Az MTA BTK Lendület Morál és Tudomány Kutatócsoportja 2018. április 17-én 16 órai kezdettel szeretettel meghív minden érdeklődőt
Dr. Magdalena Małecka (University of Helsinki, TINT & Central European University, IAS)
Economics imperialism: epistemic advancement, abuse of power – neither, both, or more?
‘So economics is an imperial science’ said proudly George Stigler – a key leader of the Chicago School of Economics. Economics’ fierce critics also call economics imperialistic – for them it is a serious accusation. But does it make sense at all – to use the metaphor of imperialism in order to account for scientific practices and relationships between scientific disciplines? I believe, it does.
My paper contributes to the debate on scientific imperialism and on economics imperialism. I propose the account of scientific imperialism (a modified and improved version of the idea published in Małecka, Lepenies 2018) and I show how it advances the recent discussion on economics imperialism.
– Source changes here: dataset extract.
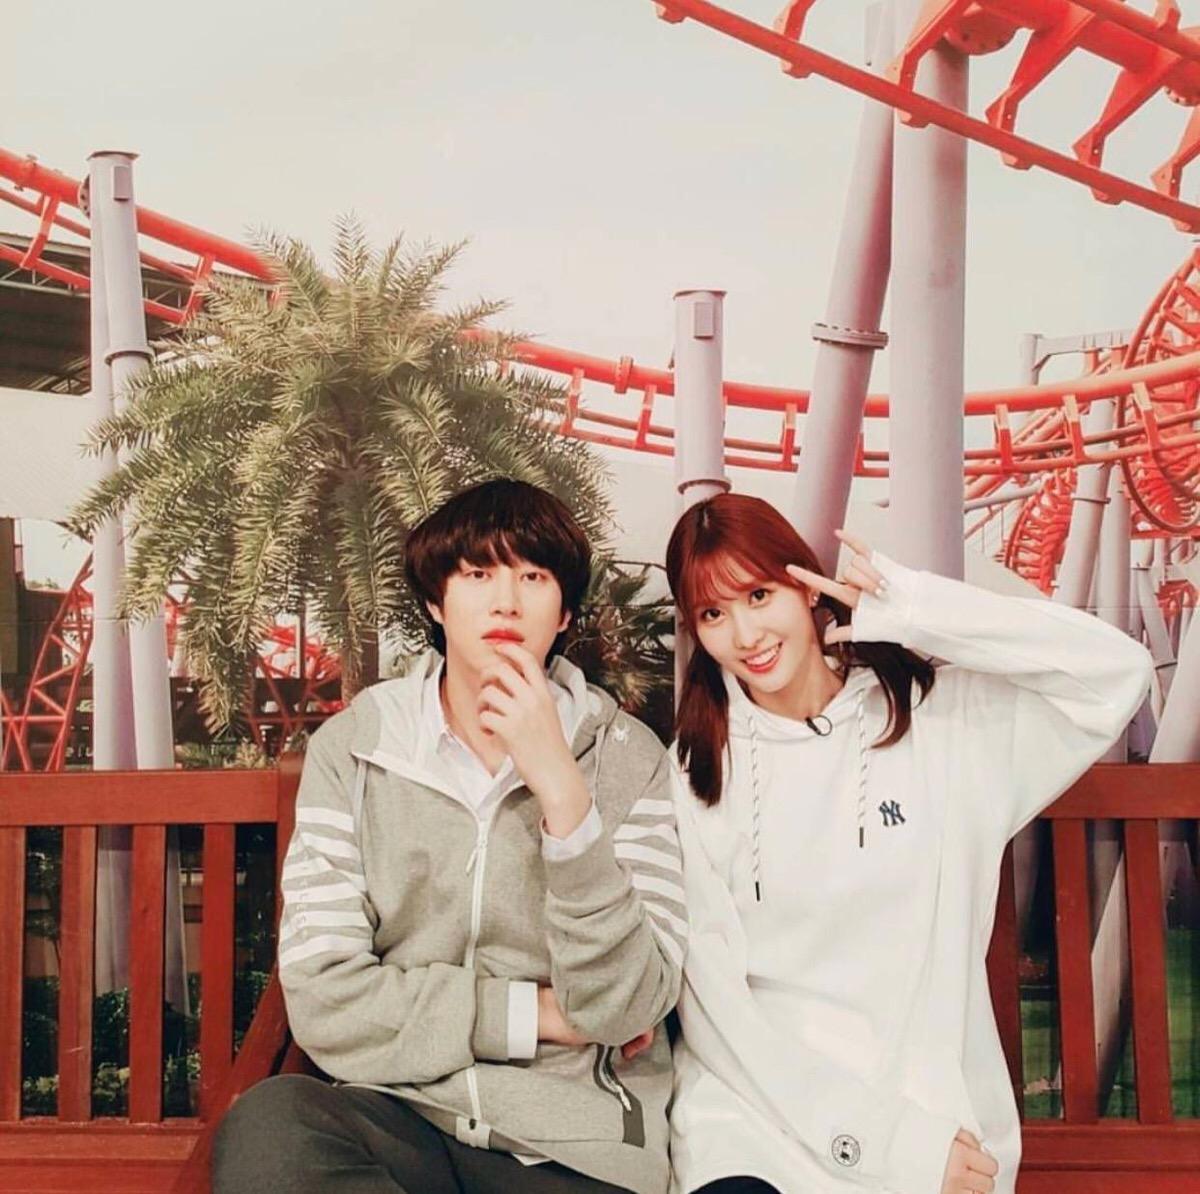 金希澈与Momo被曝已恋爱两年

The philosophy of science debate on scientific imperialism has revolved around the question of the permissibility of the application of scientific theories and methods outside the discipline in which they were initially introduced. My proposal builds upon Uskali Mäki’s notion of the imperialism of standing, as well as it accommodates the intuitions of some participants in the discussion that there is something normatively problematic about scientific imperialism. In my view, scientific imperialism is an activity that is related both to a certain view on the superiority of the expanding approach that is endorsed by its proponents (the epistemic aspect of my account), as well as to a power to affect standing of scientific approaches– the expanding approach is institutionally favoured and it gets higher standing in academic and non-academic contexts (the institutional aspect of my account)
I bring the account of scientific imperialism to analyse economics imperialism. In the debate on economics imperialism the different sides emphasize only certain aspects of an imperialistic scientific practice. The proponents of expansion of economics, ‘imperializers’, stress only the epistemic aspects of applying economics outside its domain. They claim that their approach is superior and progressive, as, for example, it enables unification. The critics mostly point out the abuse of the institutional power by economics expanding to other fields. Both aspects should be evaluated, however. Furthermore, it is important to understand, that even if we were able to see the epistemic advancement of applying a certain economic approach to the topics studied already within other research programmes, this wouldn’t make economics imperialism justified. The reason why we treat some applications of economic approaches as imperialistic is that their proponents violate the norms of scientific community that, according to Helen Longino, are conditions for objectivity in science.